> **Data extract**:
↓↓↓

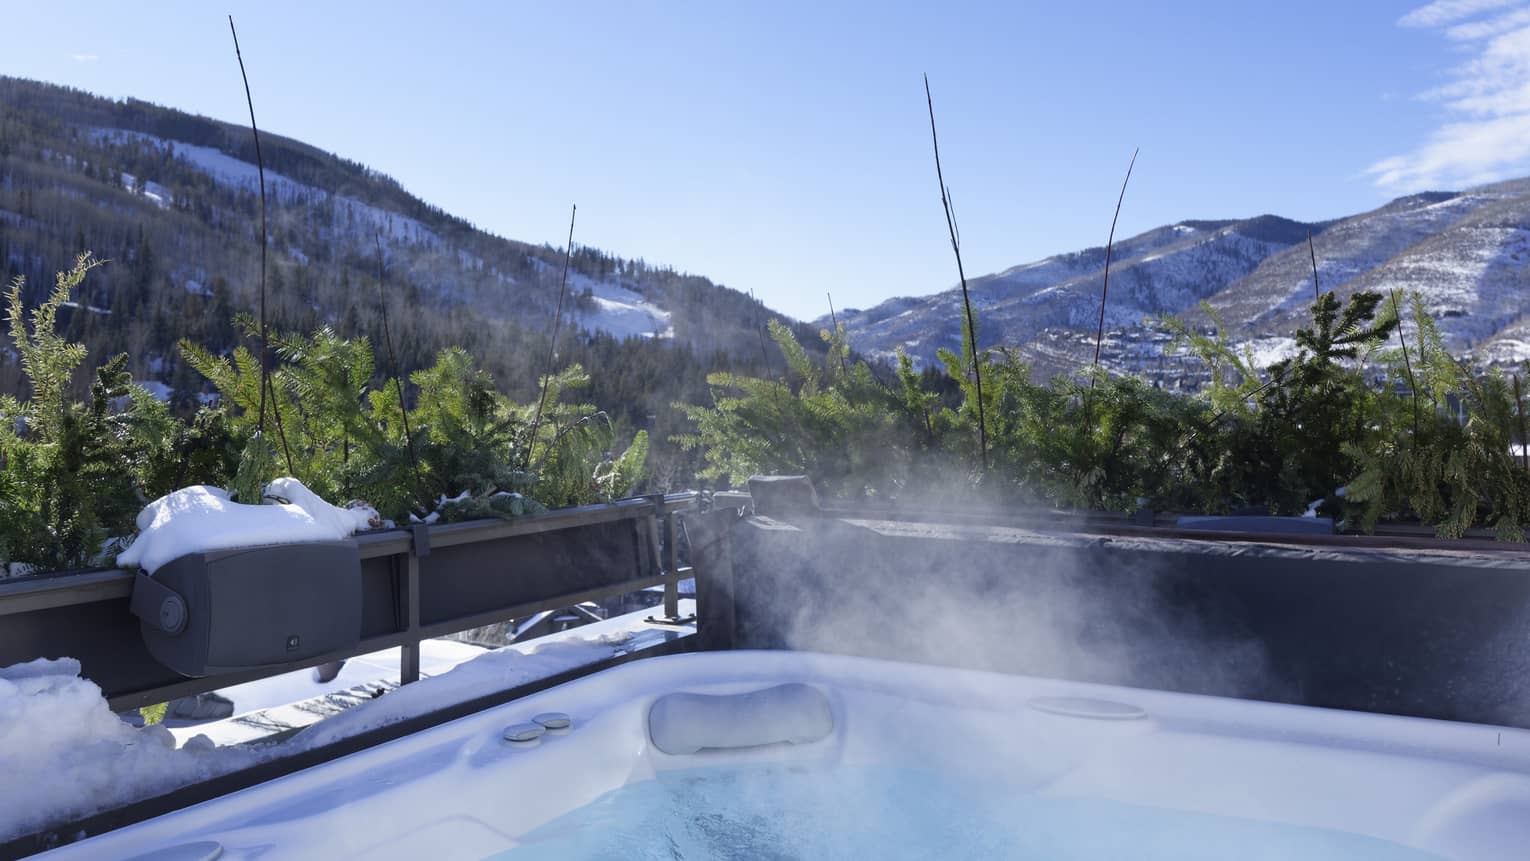 Hot tub with mountain view
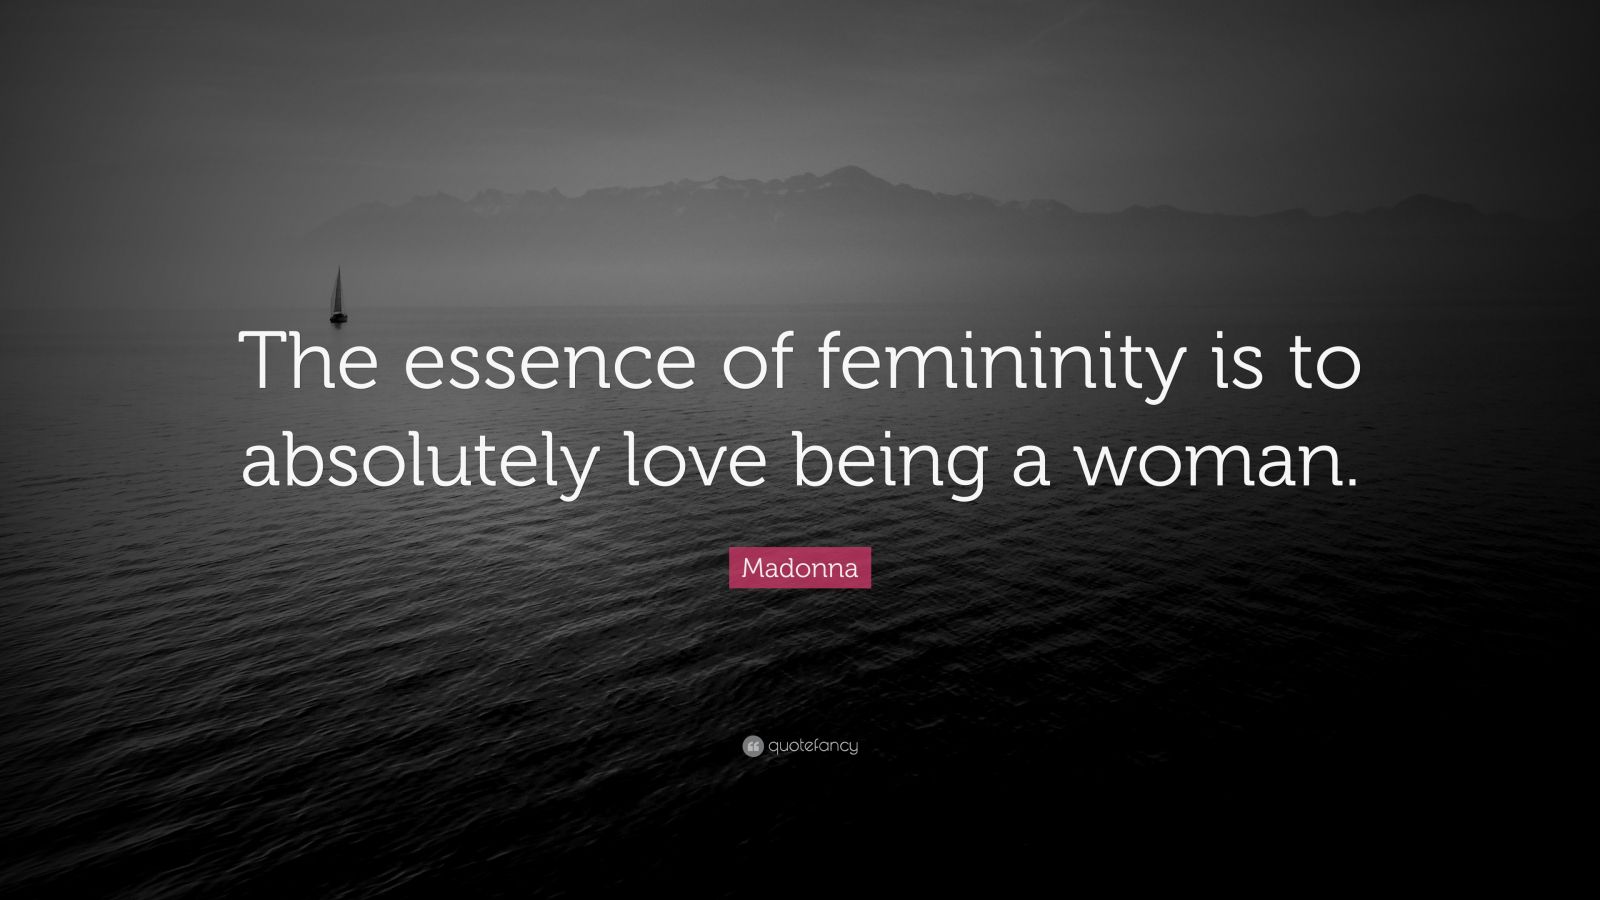 Madonna Quote: “The essence of femininity is to absolutely love being a ...
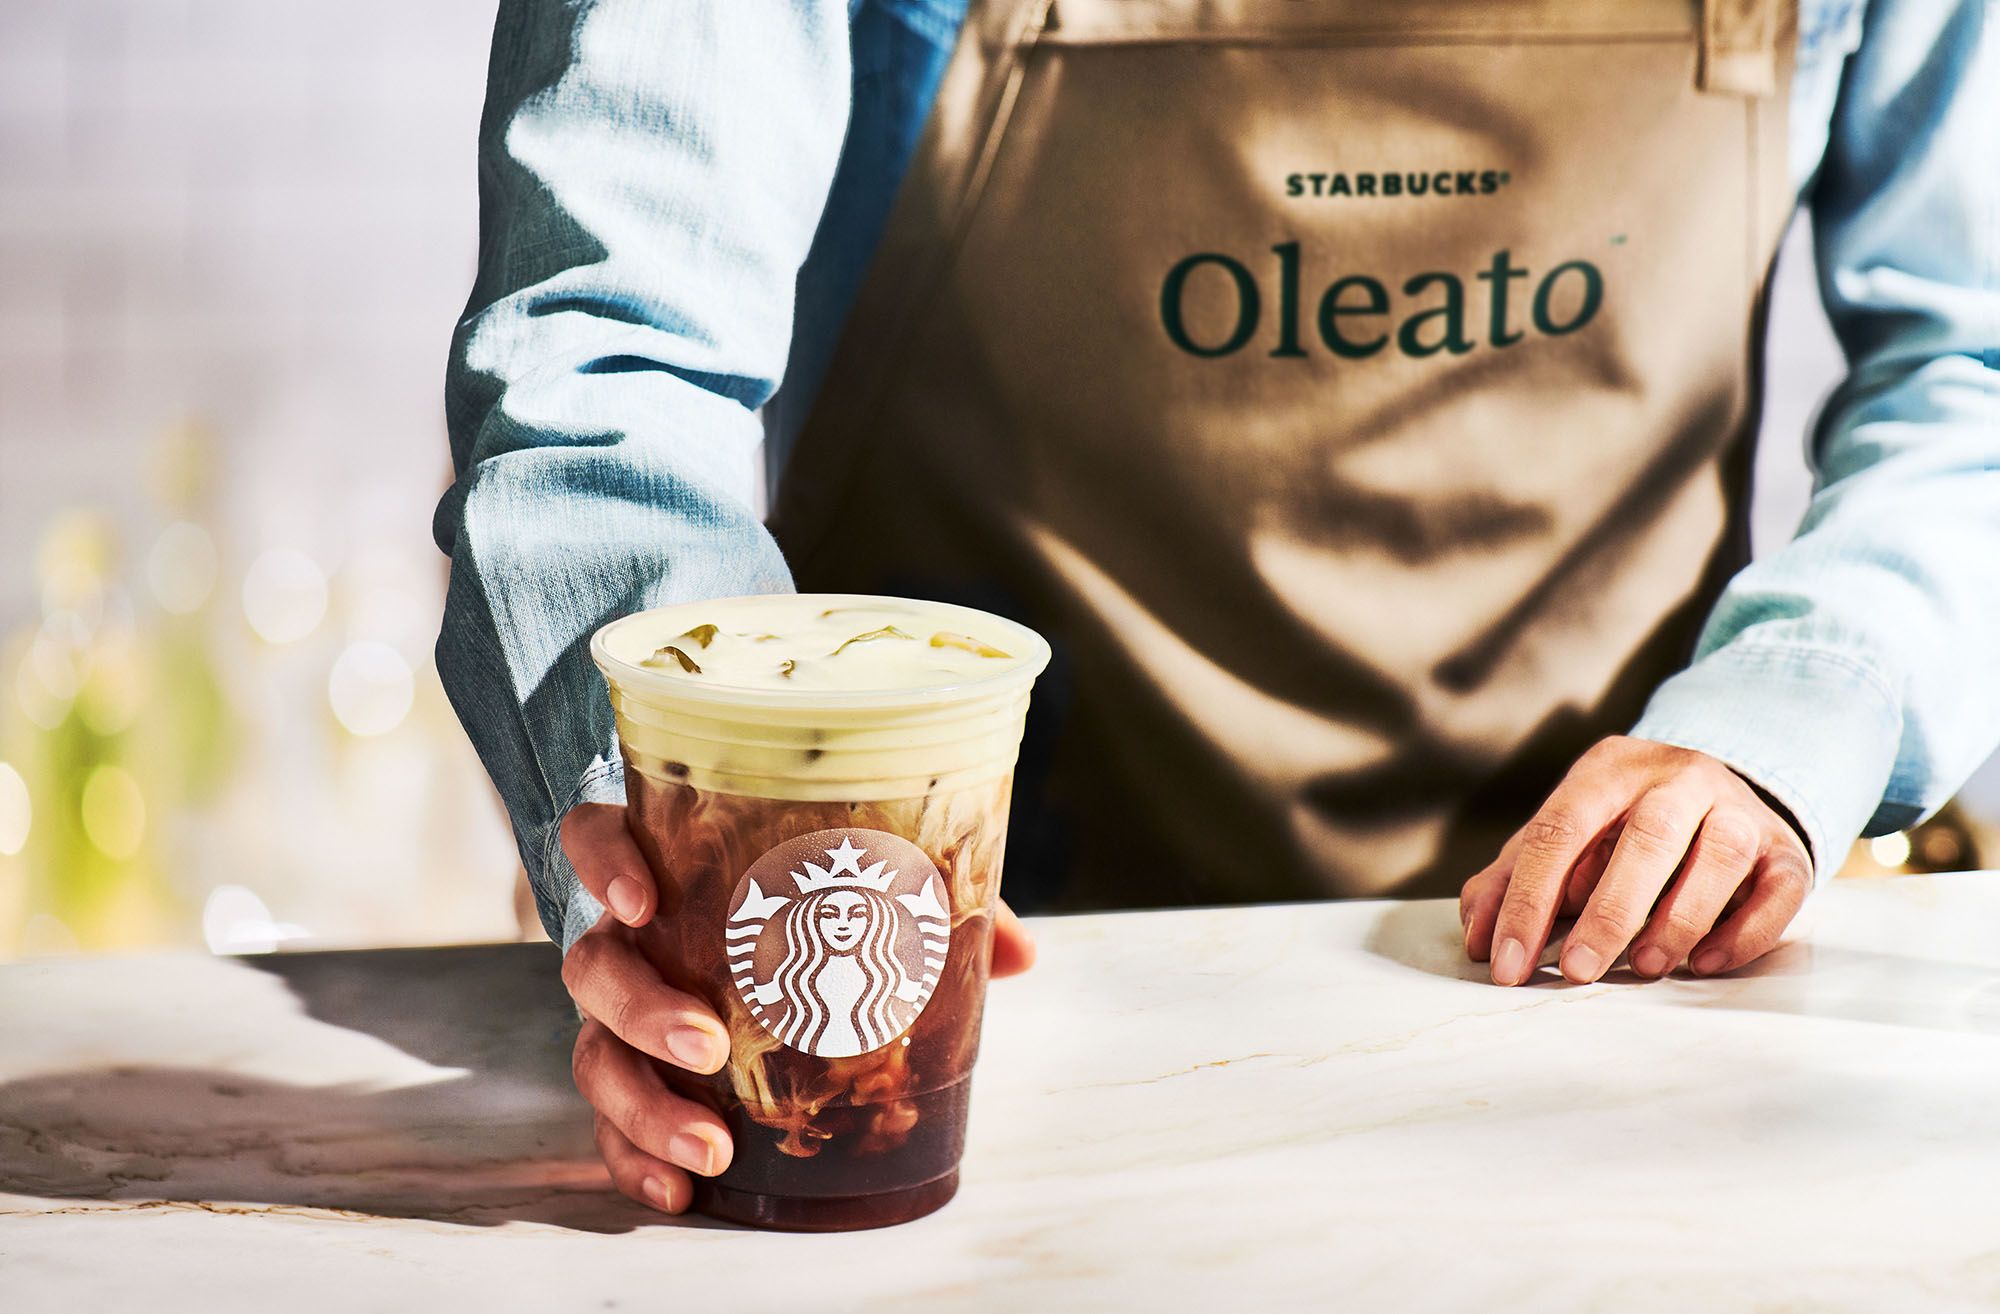 Starbucks Is Making A Splash In Italy With Its Launch Of Olive Oil Coffee Drinks

↑↑↑

> **Description of the task**: In the listing above, transcribe exactly the lines from the line containing "being a ..." through the last one, both included, but not the pictures.

> **Task solution**:
 Madonna Quote: “The essence of femininity is to absolutely love being a ...
 Starbucks Is Making A Splash In Italy With Its Launch Of Olive Oil Coffee Drinks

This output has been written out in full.